Opinion
5:16-cr-00409 5:19- cv-03118
08-02-2023
OPINION MOTION TO RULE ON MOTION FOR NEW TRIAL FILED IN 2020 - DENIED
JOSEPH F. LEESON, JR. UNITED STATES DISTRICT JUDGE.
I. INTRODUCTION
On July 12, 2023, Osorio filed a pro se motion asking this Court to rule on a motion that he previously filed in September 2020. However, this Court already addressed the September 2020 Motion in a previous opinion. Therefore, a more in depth set of facts can be found in this Court's Opinion dated February 23, 2021. For the reasons already set forth in the Court's February 2021 Opinion, and as further explained below, Osorio's Motion is denied.
II. ANALYSIS
In the instant Motion, Osorio requests that the Court rule on a motion he filed in September of 2020, which requested “reconsideration under Fed.R.Civ.P. 59(e) and request[ed a] new trial pursuant to Fed. R. Crim. P. 33(b)(1).” See Mot., ECF No. 263. See also Sept. 2020 Mot., ECF No. 250. Osorio argues that the Court addressed his motion under 59(e) but failed to address his request for a new trial.
However, in an Order and Opinion dated February 23, 2021, the Court construed Osorio's entire September 2020 motion as a second or successive application for habeas corpus relief and dismissed the motion in its entirety for lack of jurisdiction. See Op. & Order, ECF Nos. 252-53. Federal courts have held in varying circumstances that petitioners cannot bypass the limitation on successive habeas petitions under § 2255 by simply bringing motions under other names. See e.g., Melton v. United States, 359 F.3d 855, 857 (7th Cir. 2004) (“Call it a motion for a new trial, arrest of judgment, mandamus, prohibition, coram nobis, coram vobis, audita querela, certiorari, capias, habeas corpus, ejectment, quare impedit, bill of review, writ of error, or an application for a Get-Out-of-Jail Card; the name makes no difference. It is substance that controls.”); United States v. Brown, No. 99-730, 2013 U.S. Dist. LEXIS 99616, at *20 (E.D. Pa. July 16, 2013) (“[A] habeas petitioner cannot circumvent the strictures of 28 U.S.C. § 2244, which governs the filing of second or successive habeas petitions, by simply labeling his paper a motion under Rule 60.”); United States v. Okeayainneh, No. 11-87, 2019 U.S. Dist. LEXIS 171707, at *8 (D. Minn. Oct. 3, 2019) (construing the defendant's Rule 33 motion as another § 2255 motion and barring the motion as an unauthorized successive habeas petition). Therefore, for the reasons already given in this Court's February 2021 opinion, Osorio's motion is denied.

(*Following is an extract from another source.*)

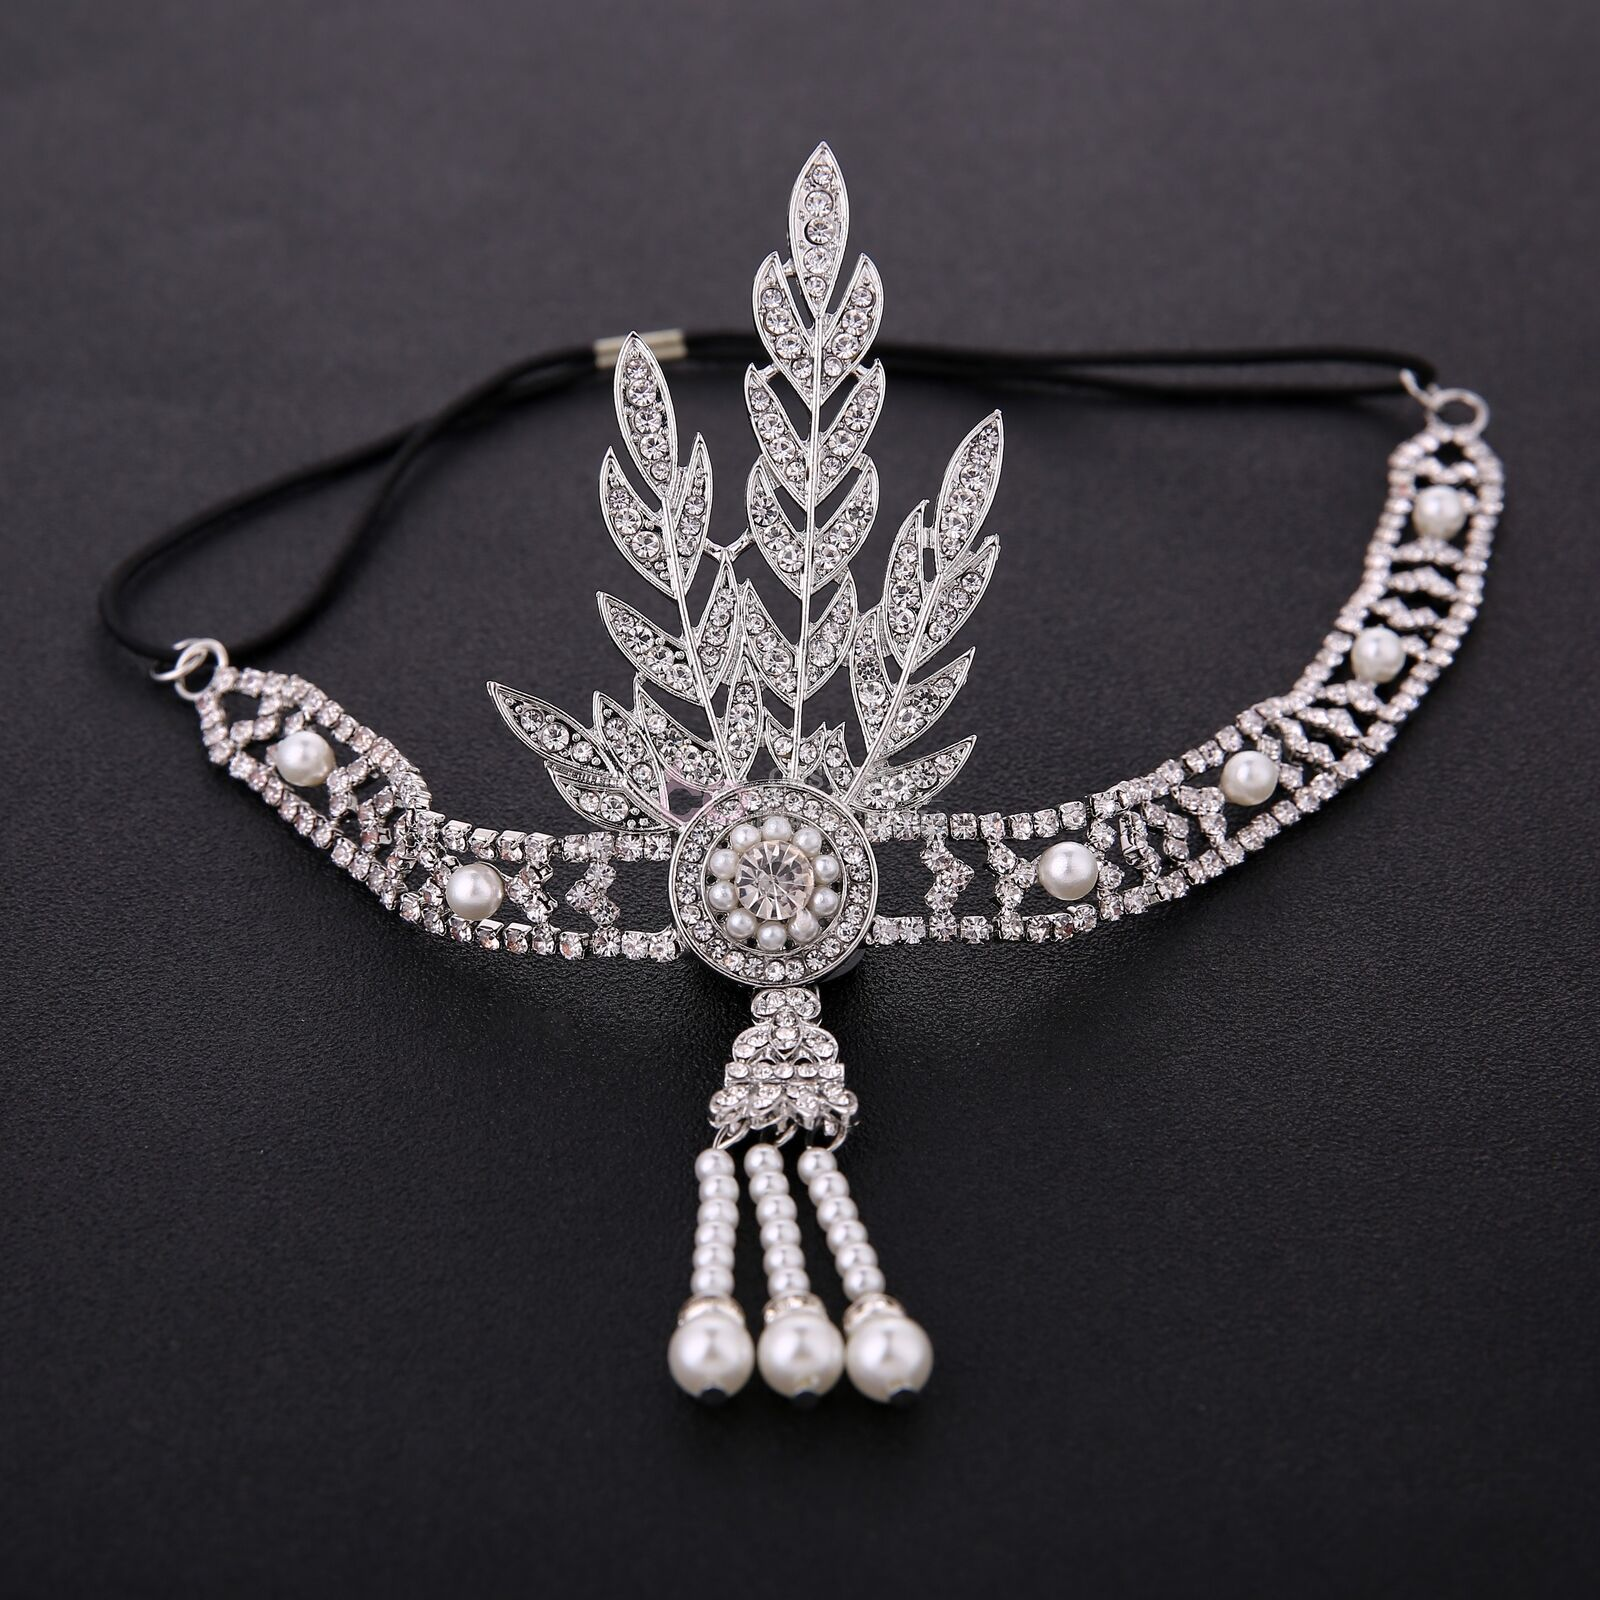 1920s 20s Gatsby Headband Vintage Bridal Headpiece Silver Gold Costume Accessory

Nevertheless, the Court understands Osorio's confusion, as the Court did not specifically mention the Rule 33 standard in its Opinion when construing Osorio's entire motion as a second or successive habeas petition. Therefore, considering Osorio's pro se status and in the interest of justice, this Court has again reviewed the September 2020 Motion, and even if this Court had not construed the motion as a successive petition and instead applied the Rule 33 standard as Osorio now insists, Osorio's motion would have nonetheless been denied as meritless.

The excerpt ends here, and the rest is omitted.